Autre détail troublant, la scène où va chercher sa soeur (rebaptisée "Iris") dans sa maison de passe ressemble au final de Taxi Driver, mort du macro en prime (. Sauf que Iris finira tuée par une balle perdue. Scorsese/Schrader ont vu ce film, c'est obligé. Travis est d'ailleurs lui aussi un soldat qui revient au pays.
N'ayant absolument plus rien, Ernesto quitte la société "visible" pour "l'invisible" : le gangstérisme où il prend la place du petit caïd qu'il a lui même tué. Là encore, la société "invisible", réfugiée dans des caves comme dans les films de Lang (référence à l’expressionnisme d'ailleurs, le pseudonyme d'un des truands est Caligari), s'avère être pour lui autant kafkaïenne et répressive que celle "d'en haut". Il a beau jouer à Robin des Bois (là encore, référence anglo-saxonne) pour essayer de chercher un sens (redistribution d'un butin volé à des pensionnaires d'un asile de nuit), il finit toujours par tourner en rond et dans l'impossibilité de trouver une ligne pour fuir du cercle. Les truands ne seront jamais des amis, les maîtresses de caïds jamais des femmes. Son désir de retrouver une sorte de cocon familial chez les petites frappes est tout autant voué à être détruit comme tout le reste. Arrive alors la culpabilité : ses amis morts à la guerre laissant femmes et enfants, lui qui est vivant mais qui n'a rien. Références multiples d'ailleurs aux jambes blessées, mutilées. On ne peut aller nulle part sans boiter. Son seul point d'espoir est finalement Carlo et sa fille Roselita dont il est le parrain.

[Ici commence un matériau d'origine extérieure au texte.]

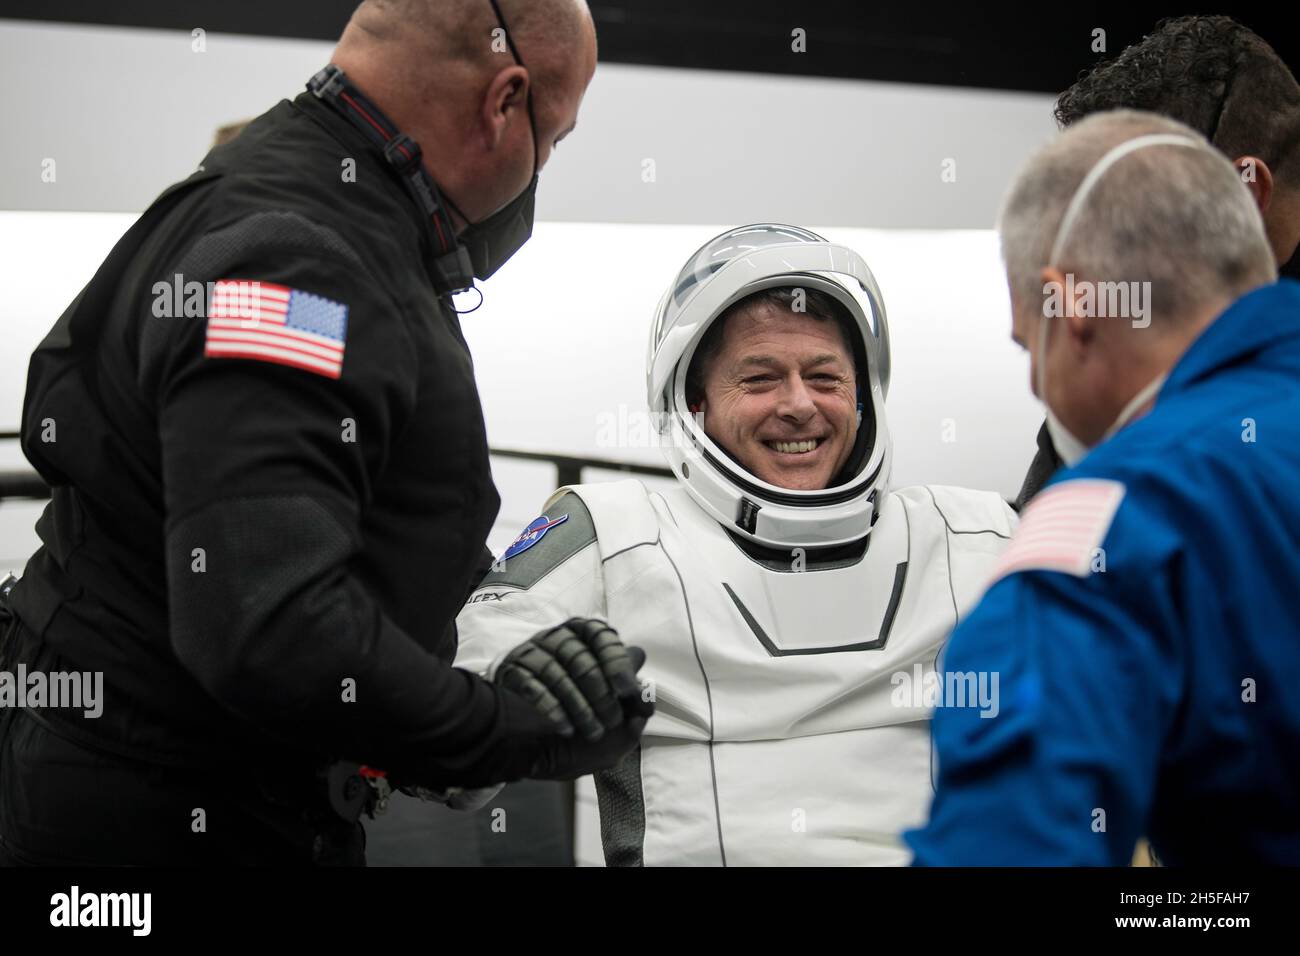 Pensecola, United States Of America. 08th Nov, 2021. Pensecola, United States of America. 08 November, 2021. NASA astronaut Shane Kimbrough, is helped out of the SpaceX Crew Dragon Endeavour spacecraft after splashdown in the Gulf of Mexico November 8, 2021 off the coast of Pensecola, Florida. The capsule carried SpaceX Crew-2 NASA astronauts Shane Kimbrough, Megan McArthur, JAXA astronaut Aki Hoshide, and ESA astronaut Thomas Pesquet back to earth from the International Space Station. Credit: Aubrey Gemignani/NASA/Alamy Live News Stock Photo
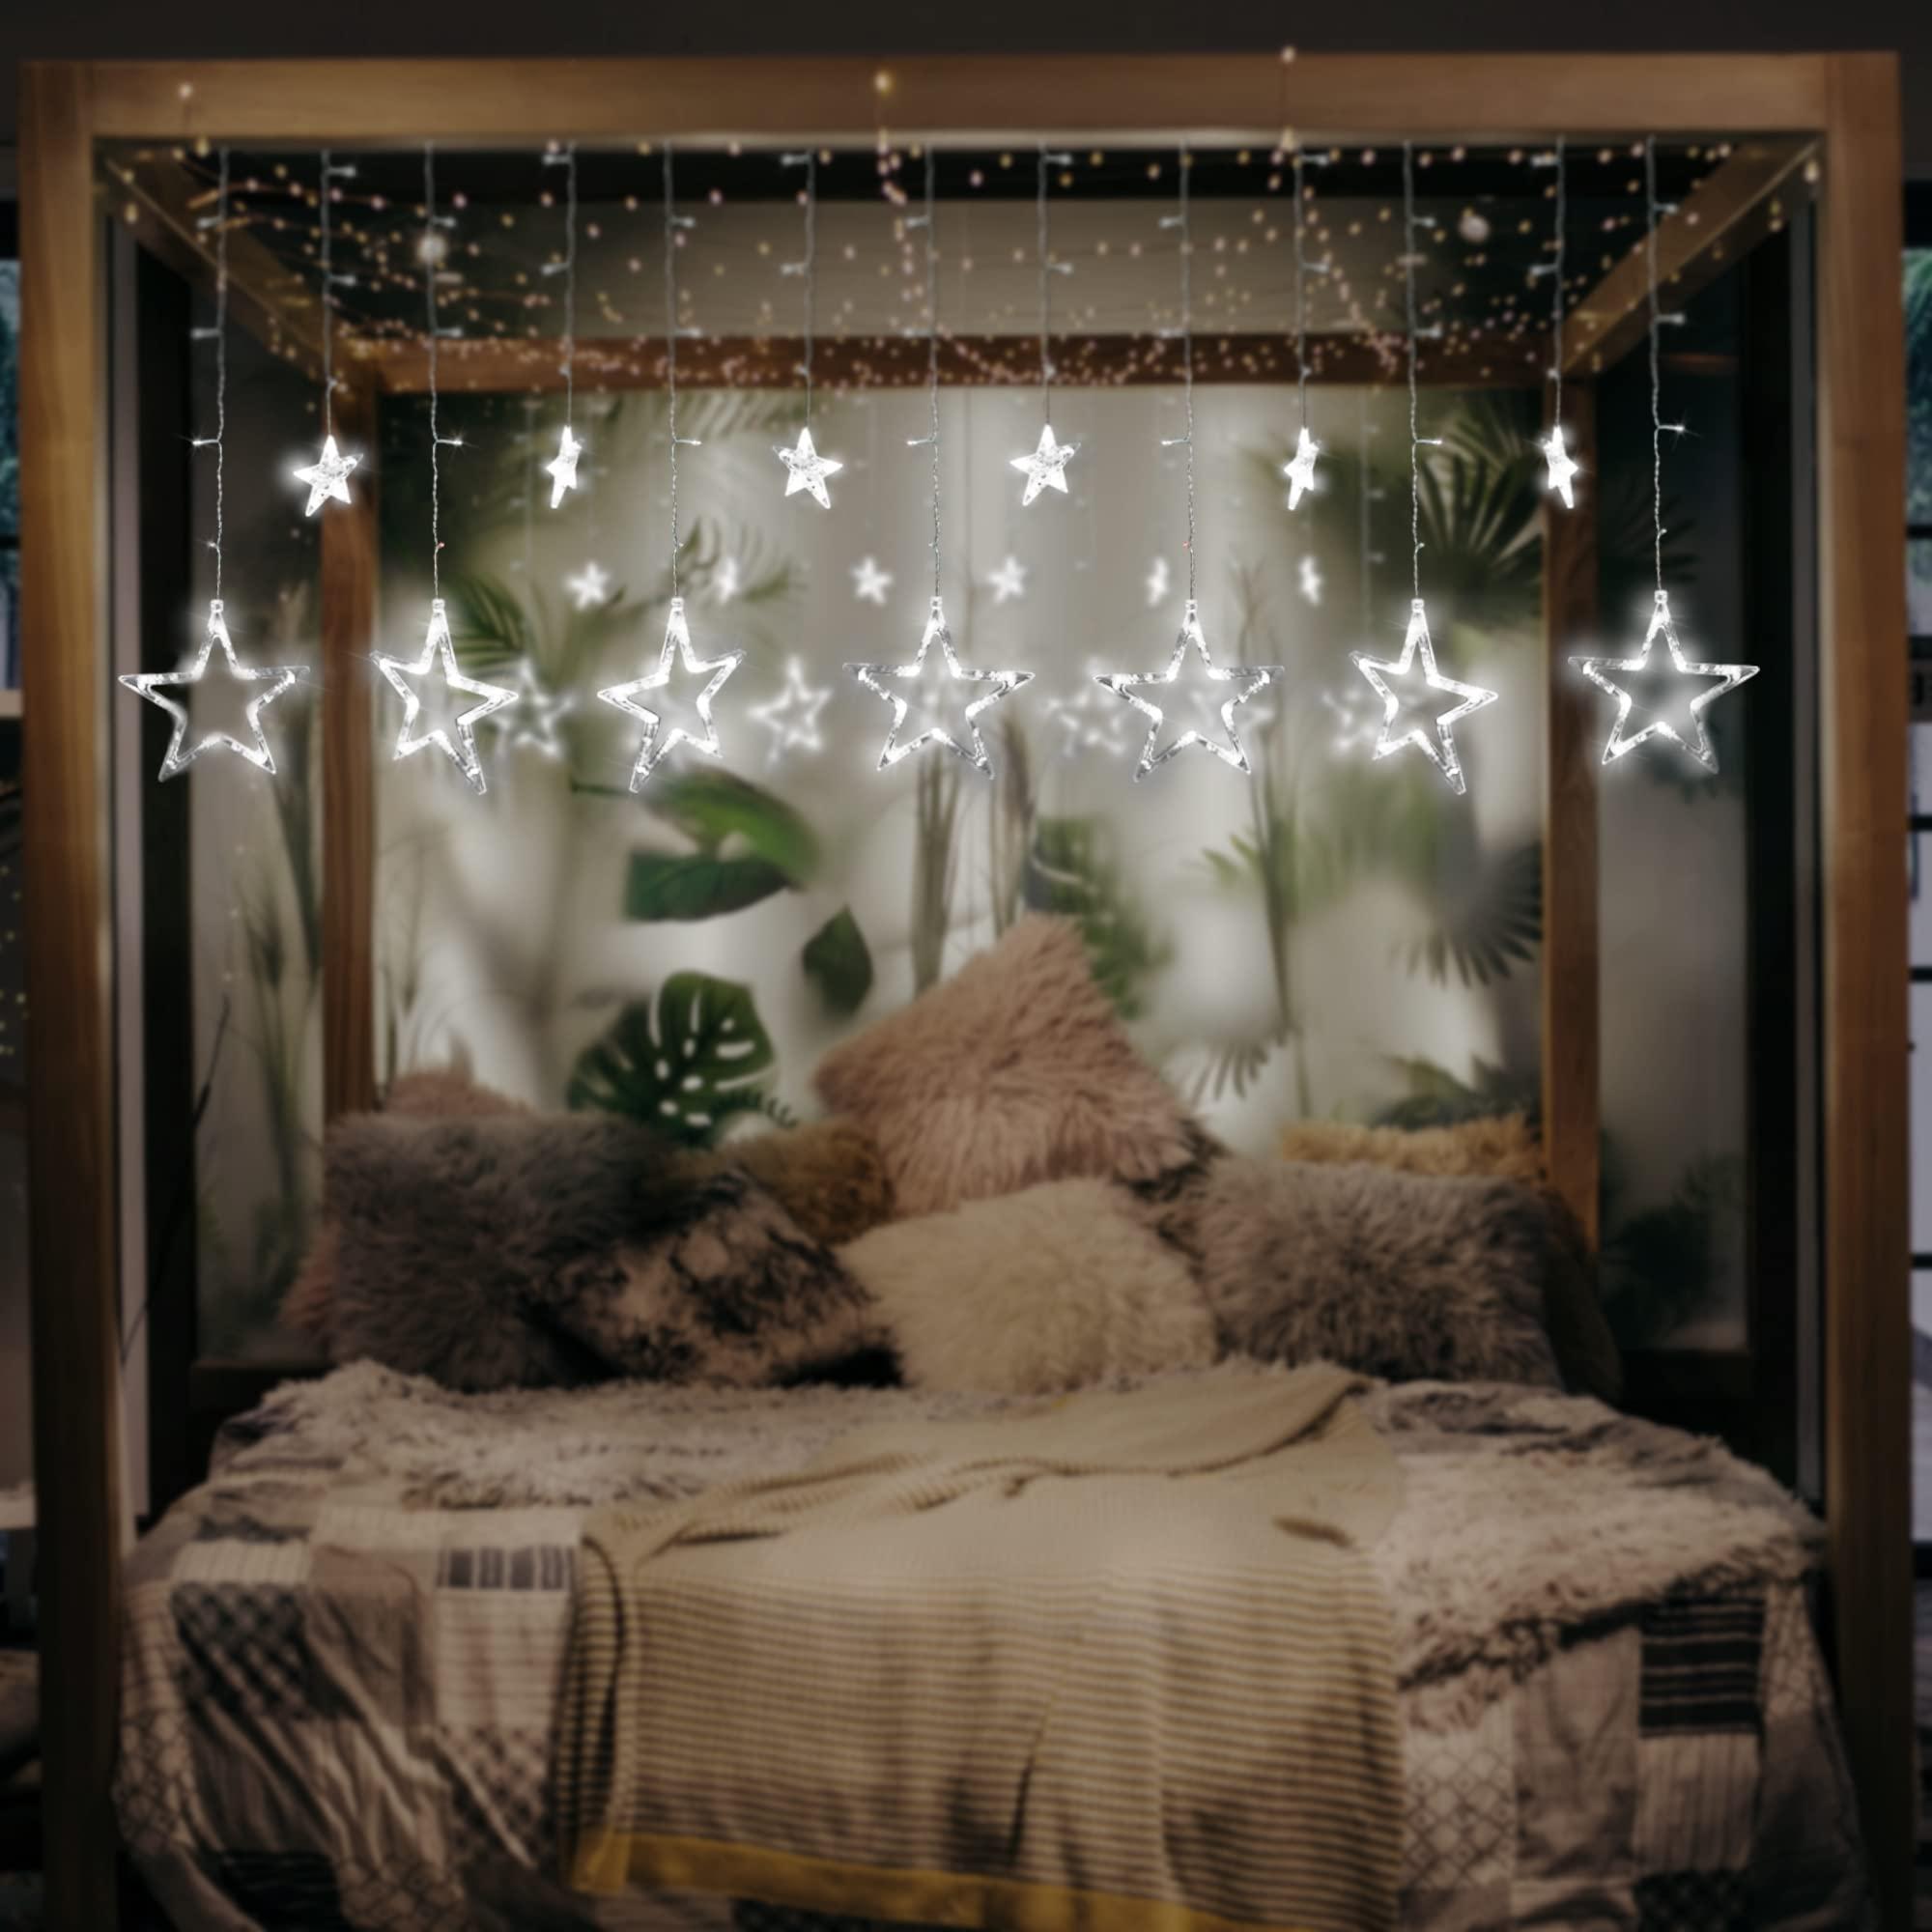 12 Star Curtain Lights with Remote Control 138 LEDs Fairy Light 8 Lighting Modes USB Powered for Bedroom Garden Party Wedding Christmas, Ideale Gift for Family Friends (RGB) 3

Alors en cavale, il se trouvera enfin une utilité en ramenant Roselita chez son père, une ferme perdue dans les montagnes autour d'Aoste. Symbole pour Ernesto d'un Paradis perdu, d'une passation entre lui et cette enfant qui représente la nouvelle génération "pure" (et non souillée comme sa soeur) qui va reconstruire ("Il faudra 3'000 ans pour reconstruire tout cela", dit-il). Ce n'est d'ailleurs qu'une fois qu'il aura ramené Roselita qu'il se laissera volontairement abattre par la police, car il considère avoir accomplit sa mission finale (il avait déjà sauvé le père de la mort durant la guerre). Il y a d'ailleurs plusieurs passassions entre lui et la jeune fille d'un jouet, une cigogne qu'il lui avait acheté, l'oiseau de bon augure. Finalement, sauf pour Roselita et son père qui le vénère, il ne restera dans les souvenirs qu'un "bandit" de plus ayant terminé dans le journal (là aussi, on peut faire un parallèle avec les coupures de presse dans le délire pré-mortem de Travis).
Les références à l’expressionnisme allemand ont étés confirmés par Lattuada à Cannes en 46. En effet, il s'est défendu de toute comparaison avec "Rome ville ouverte" en affirmant qu'il n'a jamais été un néo-réaliste et que les deux films n'ont rien en communs.